EXERCISE DETAILS:
Leaving the pictures aside, repeat every line below exactly.
BEGIN RECORDED DATA
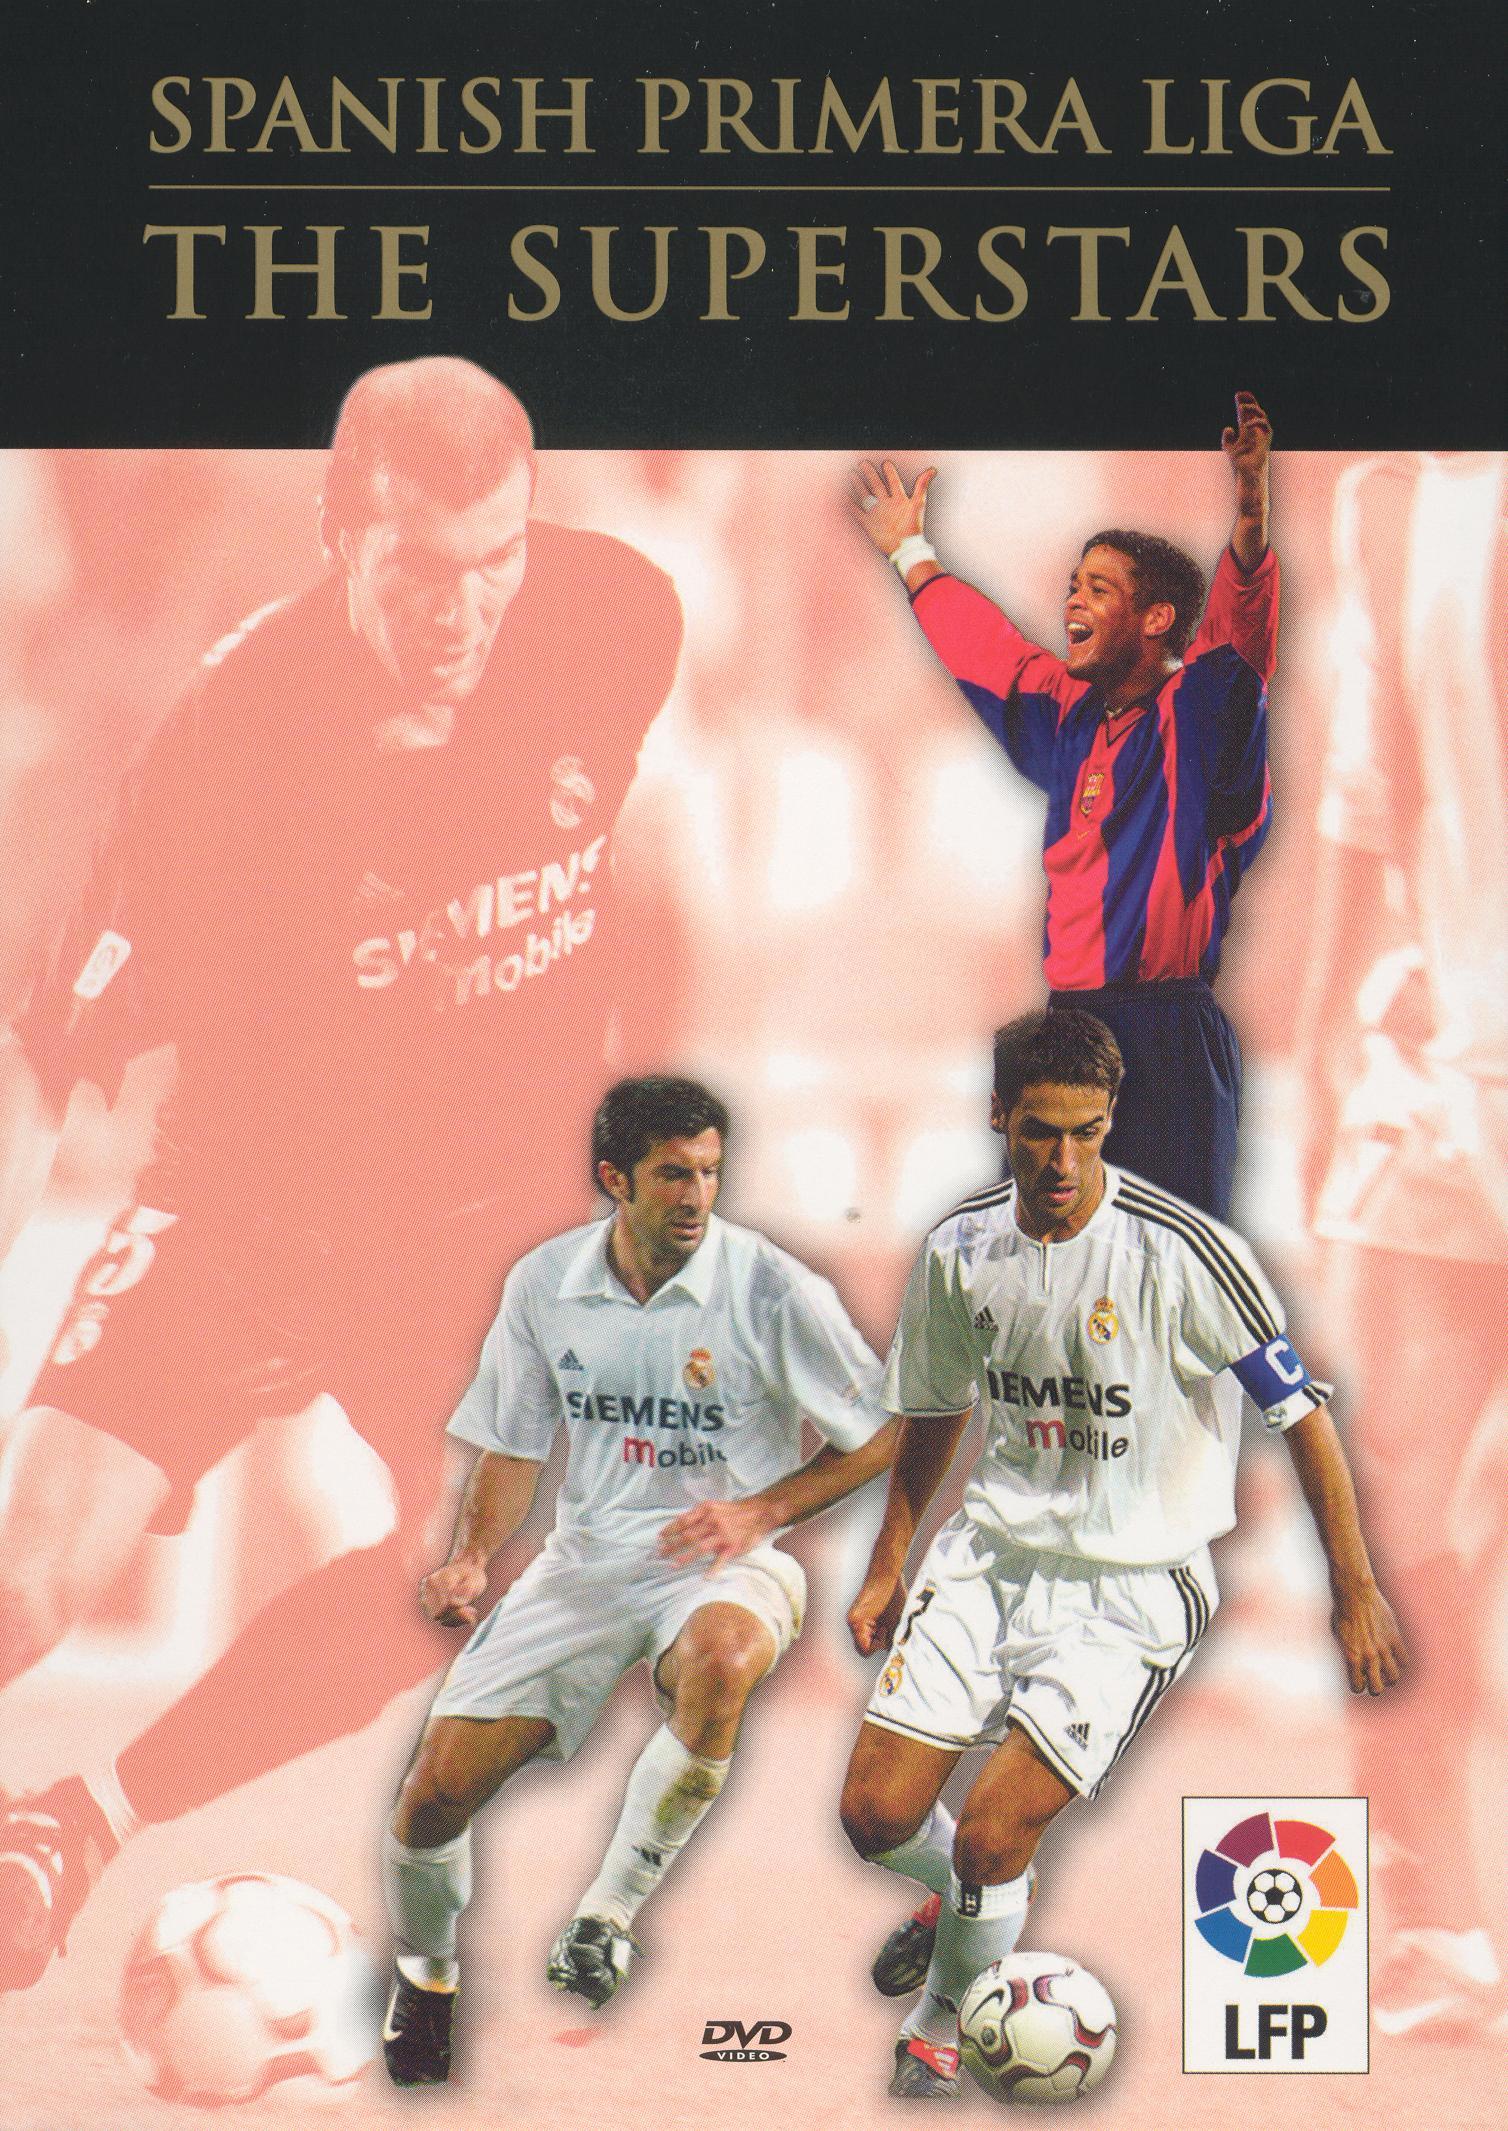 Spanish Primera Liga: The Superstars
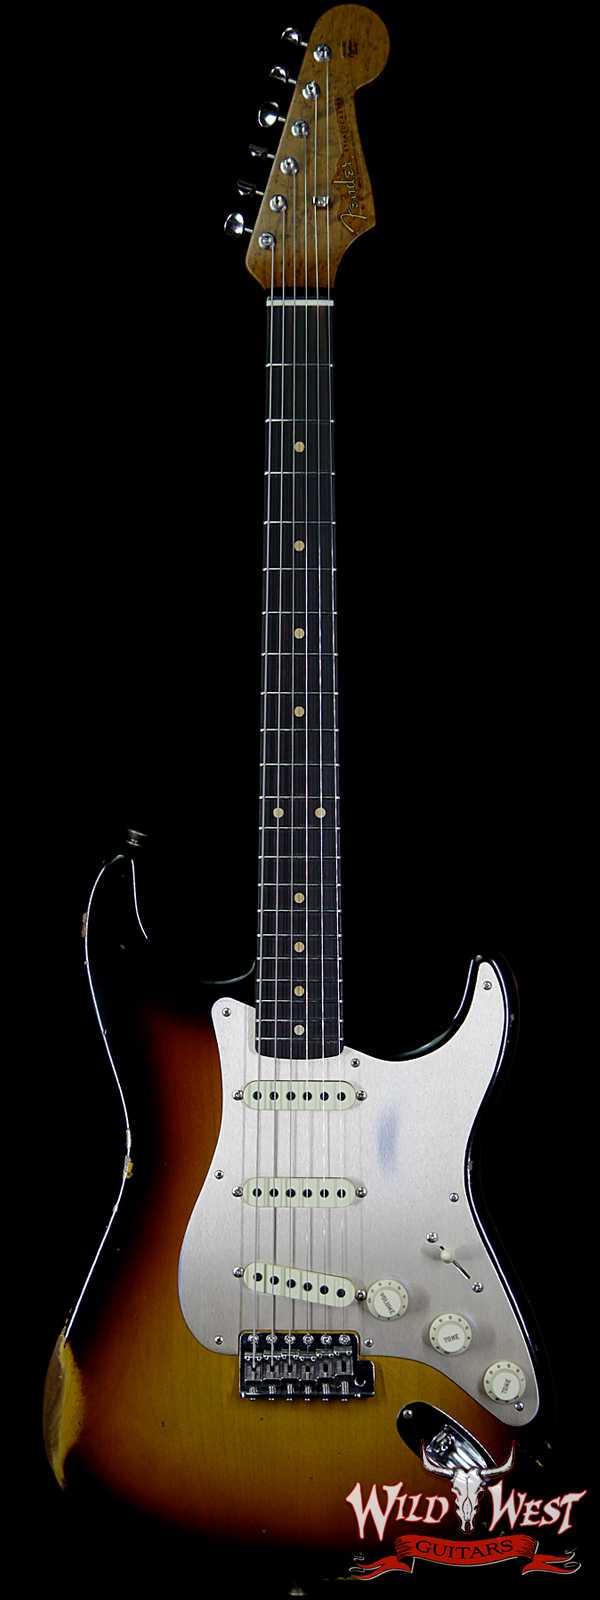 Fender Custom Shop 1960 Stratocaster Relic Roasted AAA Birdseye Neck Rosewood Board 3 Tone Sunburst
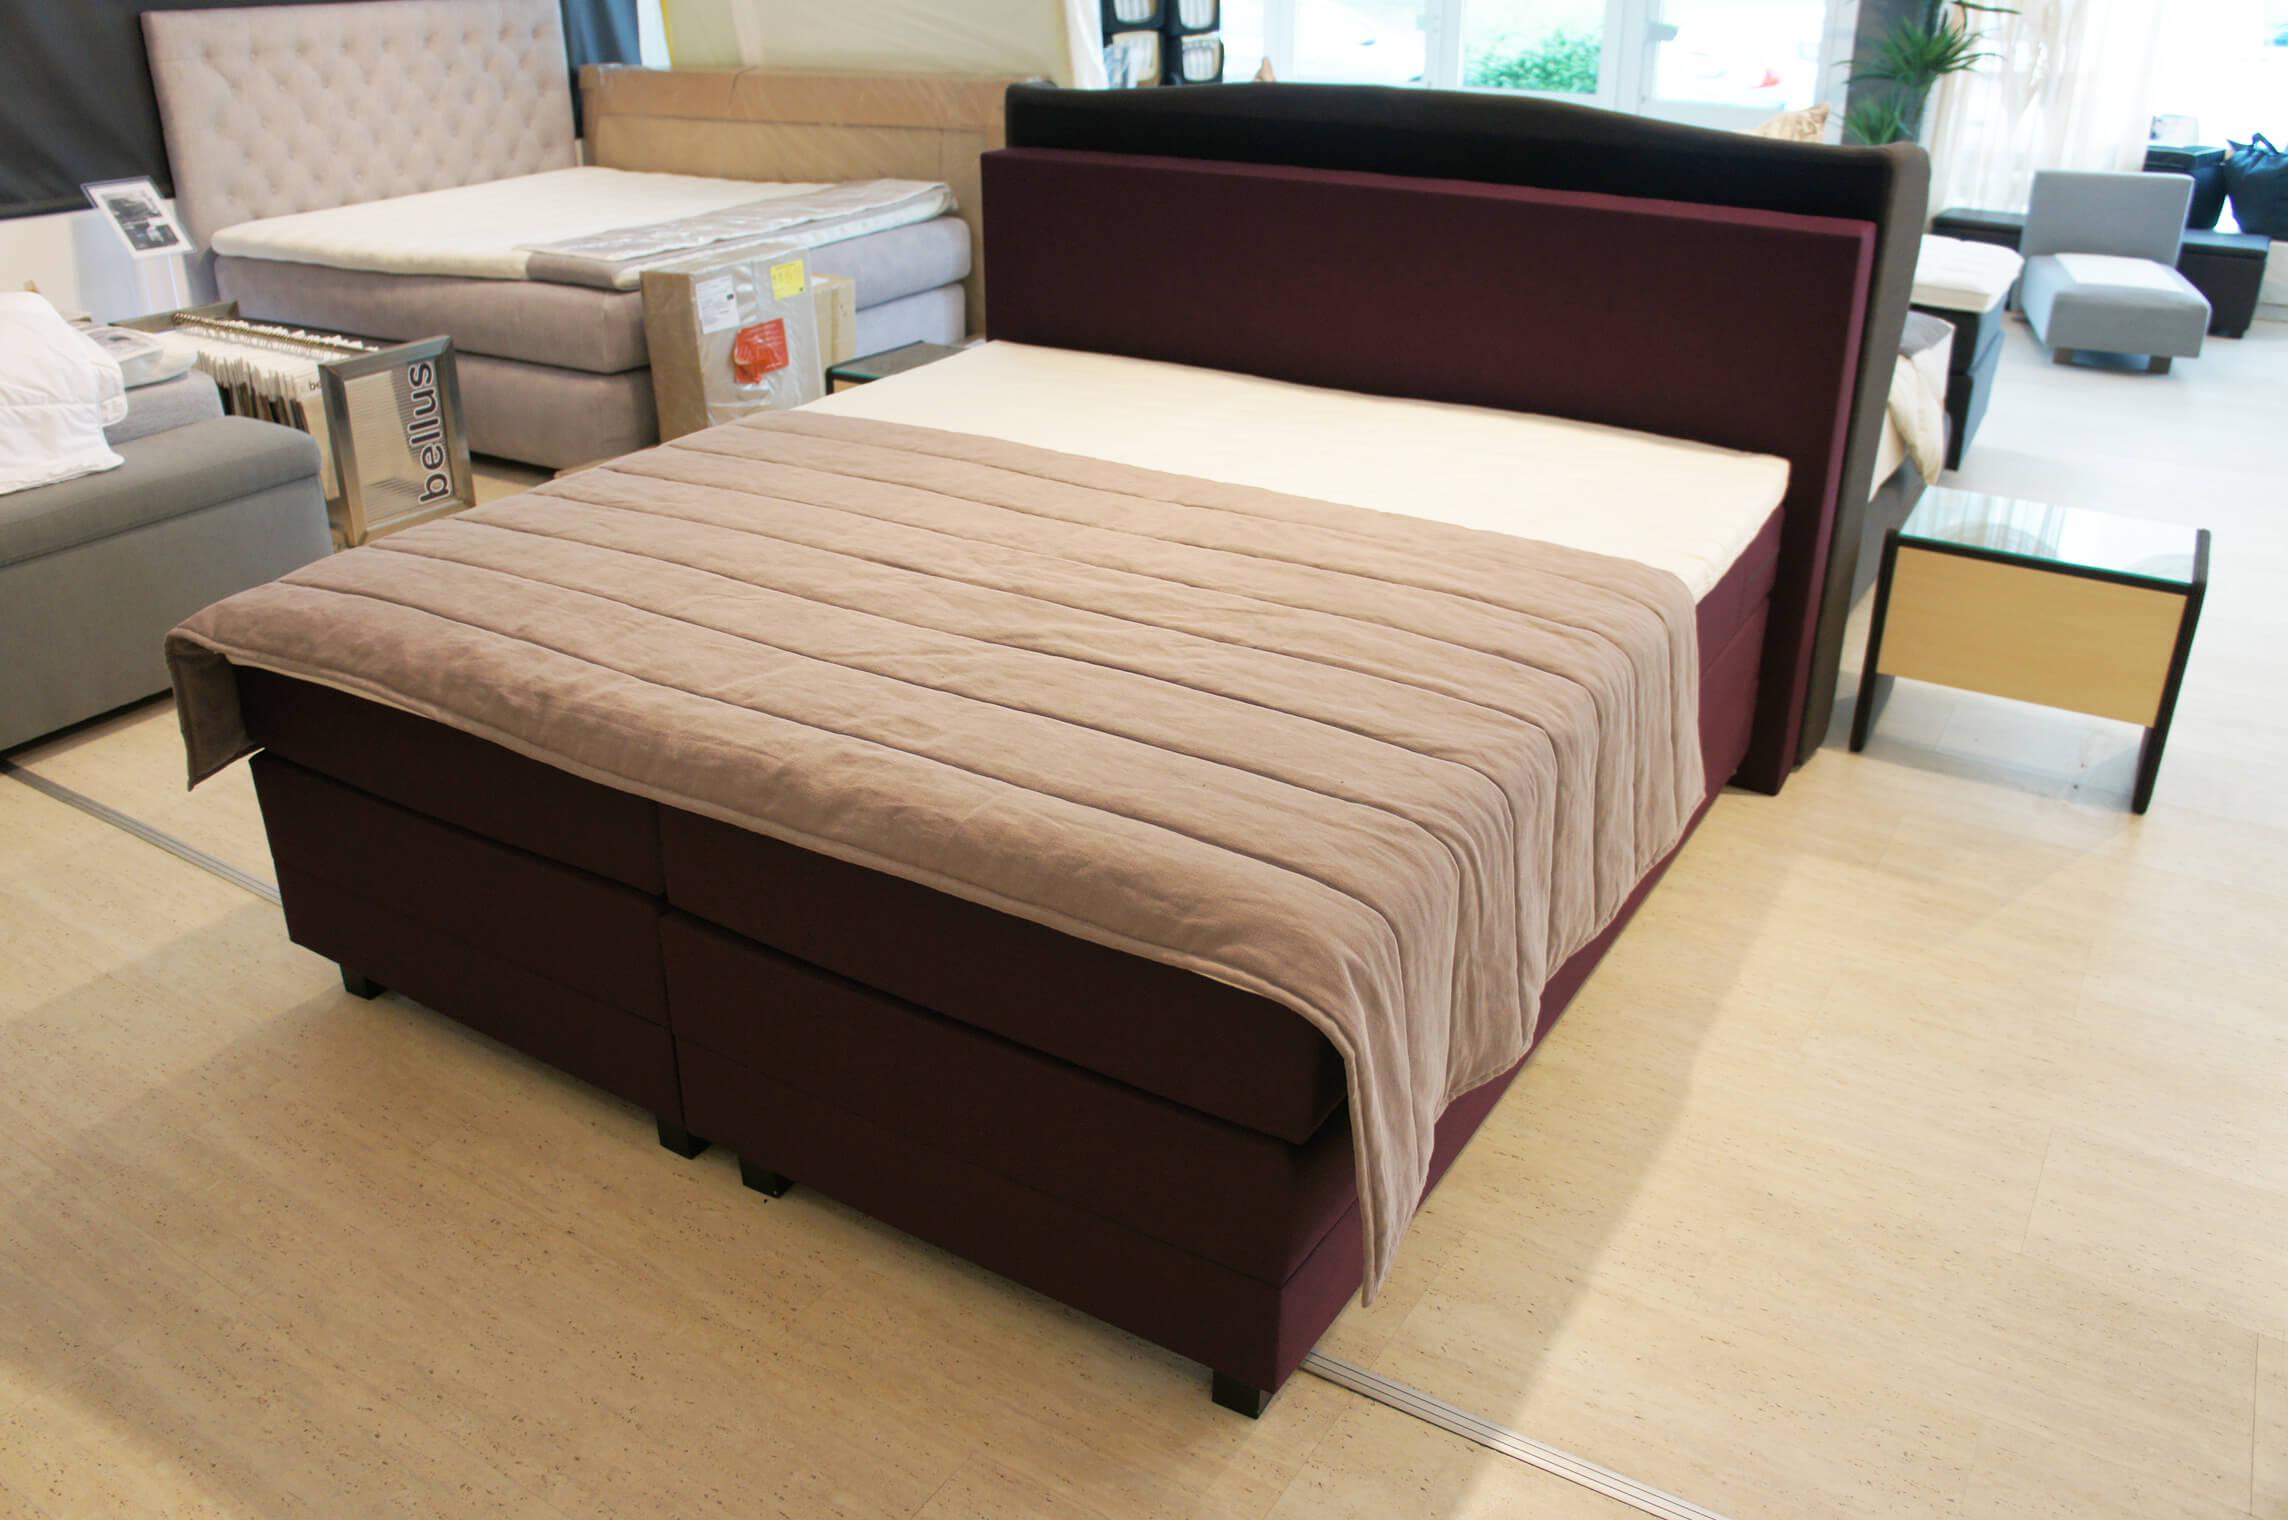 boxspringbetten k ln mit best preis garantie bei moonlight. Black Bedroom Furniture Sets. Home Design Ideas
END RECORDED DATA
WRITTEN RESPONSE:
 Spanish Primera Liga: The Superstars
 Fender Custom Shop 1960 Stratocaster Relic Roasted AAA Birdseye Neck Rosewood Board 3 Tone Sunburst
 boxspringbetten k ln mit best preis garantie bei moonlight. Black Bedroom Furniture Sets. Home Design Ideas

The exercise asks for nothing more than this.